The UKOOA/OGP P2 and P1 Data Exchange Formats provide helpful descriptions of object reference points and tow points. An extract is included below.
For a simple 2D survey at least three objects need defining; towing vessel, gun and streamer. A tailbuoy may or may not be used. Even if used it may not carry a positioning sensor.
For a 3D survey there may be multiple guns and streamers as well as front floats and deflectors. The example has 2 gun arrays, 4 streamers and 4 tailbouys.
2D Seismic - Objects 3D Seismic - Objects
Object Definition - Towing Vessel
Does not differ from the usual Survey Vessel setup. Typically a variable node is defined for one or more tow points (e.g. for gun, for streamer). Refer to the online Help DbSetup File Object ObjectDefinition help for further details.
Object Definition - Gun Array
Gun Array Reference Nodes
A reference node for a gun array is automatically created and given the name "Ref:30x".
For the first gun defined "x=0" so the name is "Ref:300".
For the second gun defined "x=1" so the name is "Ref:301".
The third is "Ref:302" and so on.
These names are commonly used in the seismic industry but can be changed if desired.
A 2D survey uses one gun array while a 3D survey may use one, two or more gun arrays.
General Object Definition | |
|---|---|
| Type | Select 'Gun Array' from the drop down list. |
| Name | Enter a name.
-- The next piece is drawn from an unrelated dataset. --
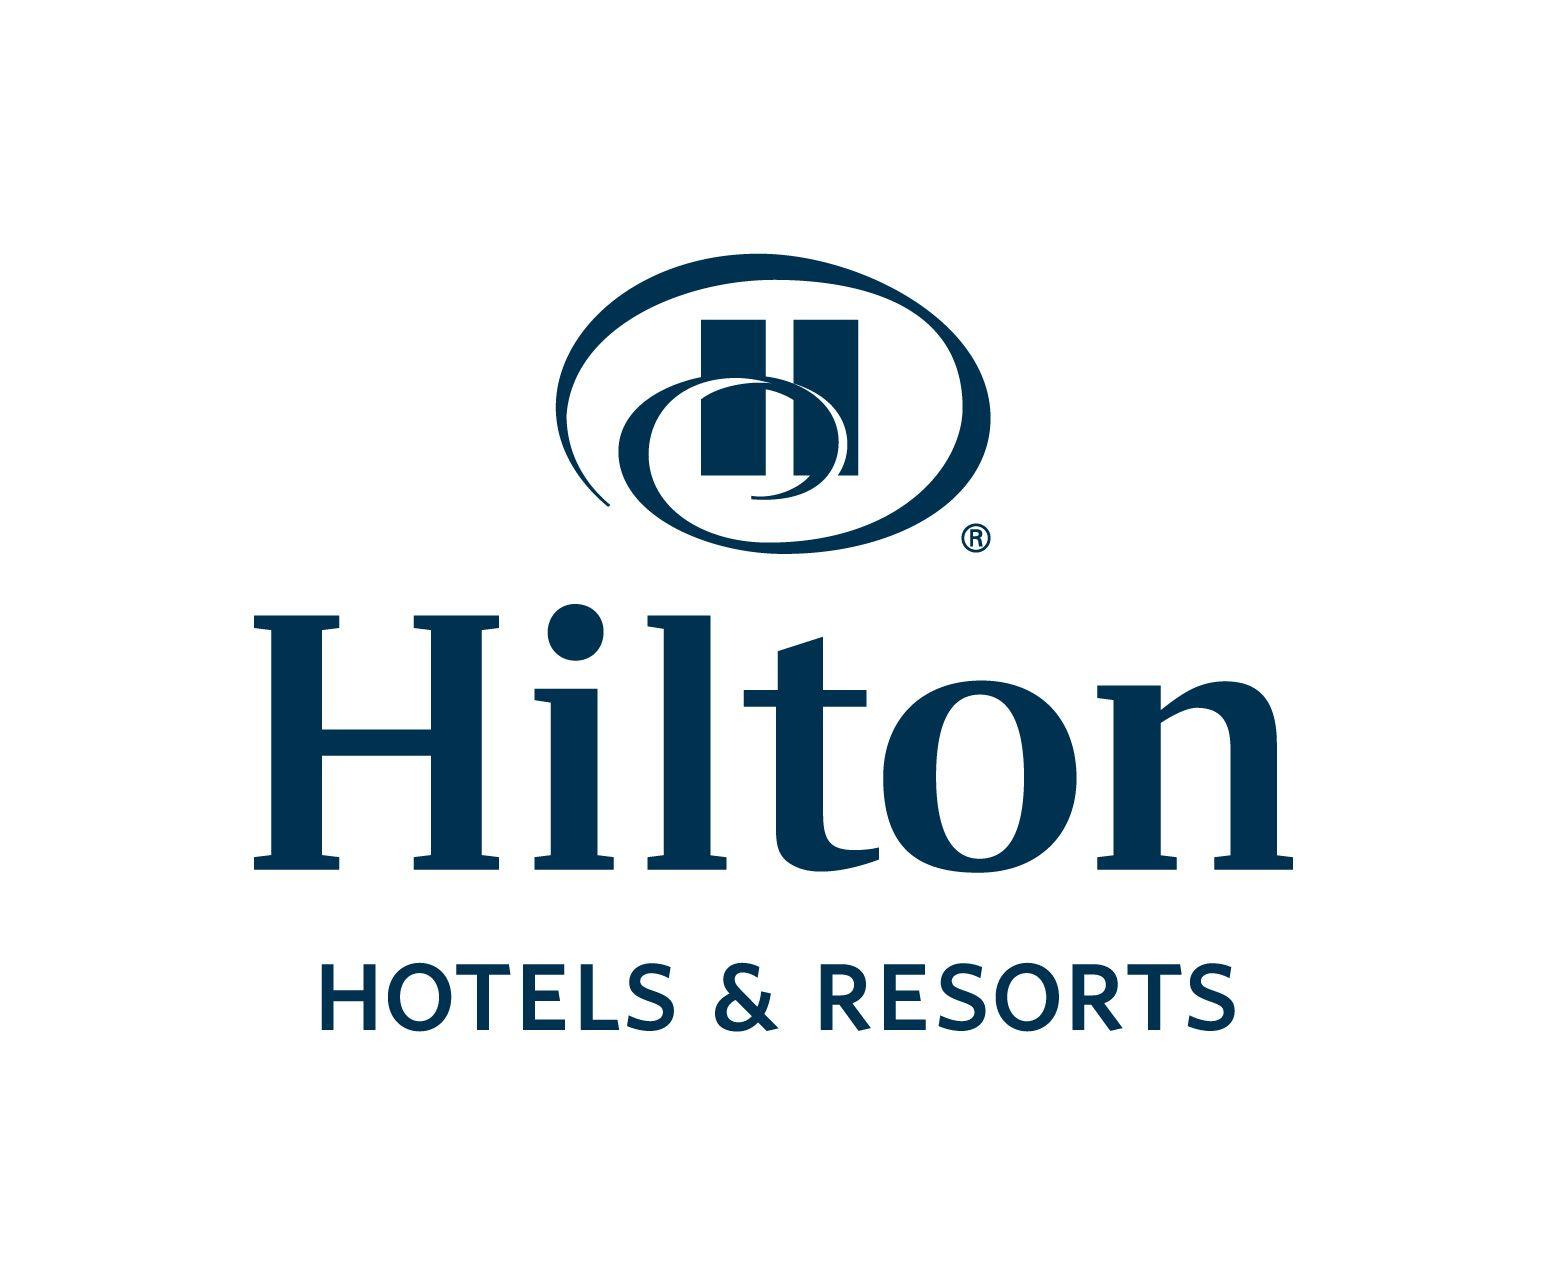 Hotels and Resorts Logo - Hotels and resorts Logos

If multiple gun array objects are defined provide a unique name for each one e.g. Port Gun, Stbd Gun. |
| Towed by | Select the object/vessel towing the gun(s). In some operations guns are towed by one vessel and streamers by a second vessel. |
| Gun Mask | Some Gun Controllers require a 'gun array mask' to identify each gun array individually. Note: Using the mask properly requires adding a new Gun Controller System using a Gun Controller driver. |
Click Next.
Geometry Administration | Values entered and recorded for administrative purposes and for export of data to UKOOA P2 and P1 formats. |
|---|---|
| Towpoint-on-towing-vessel | The offsets, defined in the project distance unit, from the vessel's reference point to the point on the vessel from which the gun array is towed. |
| Towpoint-in-sea | Gun arrays may not be towed directly from the towpoint-on-towing-vessel but from a towpoint-in-sea. The offsets, defined in the project distance unit, are from the vessel's reference point to the point in the sea from which the gun array is towed, e.g. a paravane. (A device which keeps a line with a towed object at a certain depth.) |
| Offsets from towpoint-in-sea to center of source | Enter the local offsets that reference the center of gun array (source) to the towpoint-in-sea. |
| Units | The defined project distance unit is displayed |
Click Next.
| Gun Parameters Administration | Values entered and recorded for administrative purposes; used in export of data to UKOOA P2 and P1 formats. |
|---|---|
| Units | Select the Pressure units used, Volume unit of the guns and the Depth unit. |
| Array setup | Enter the Nominal firing pressure which is the minimum pressure that has to be reached before the guns can fire; the number of Guns that make up the full gun array; and the number of Depth sensors which indicate the depth of the whole underwater gun array setup. An airgun array is commonly made up of several sub-arrays, or 'strings', which are suspended from floatation devices to maintain the specified operating depth. |
Click Next
Gun Definitions | Values entered and recorded for administrative purposes; used in export of data to UKOOA P2 and P1 formats. |
|---|---|
| Gun Definitions Administration | The number of guns listed corresponds to the number entered on the previous page. Select each gun and press Edit, or double click to open the Edit Gun window. Enter the volume of the Gun. |
Click Next
Depth Sensor Definitions | Values entered and recorded for administrative purposes; used in export of data to UKOOA P2 and P1 formats. |
|---|---|
Depth Sensor Definitions Administration | The number of Depth Sensors listed corresponds to the number entered on an earlier page. |
Click Finish
Below is an image of a typical setup with gun arrays and streamers behind a towing vessel:
CNG - Center Near Group indicates the first receiver group on the Streamer.
CS - Center Source.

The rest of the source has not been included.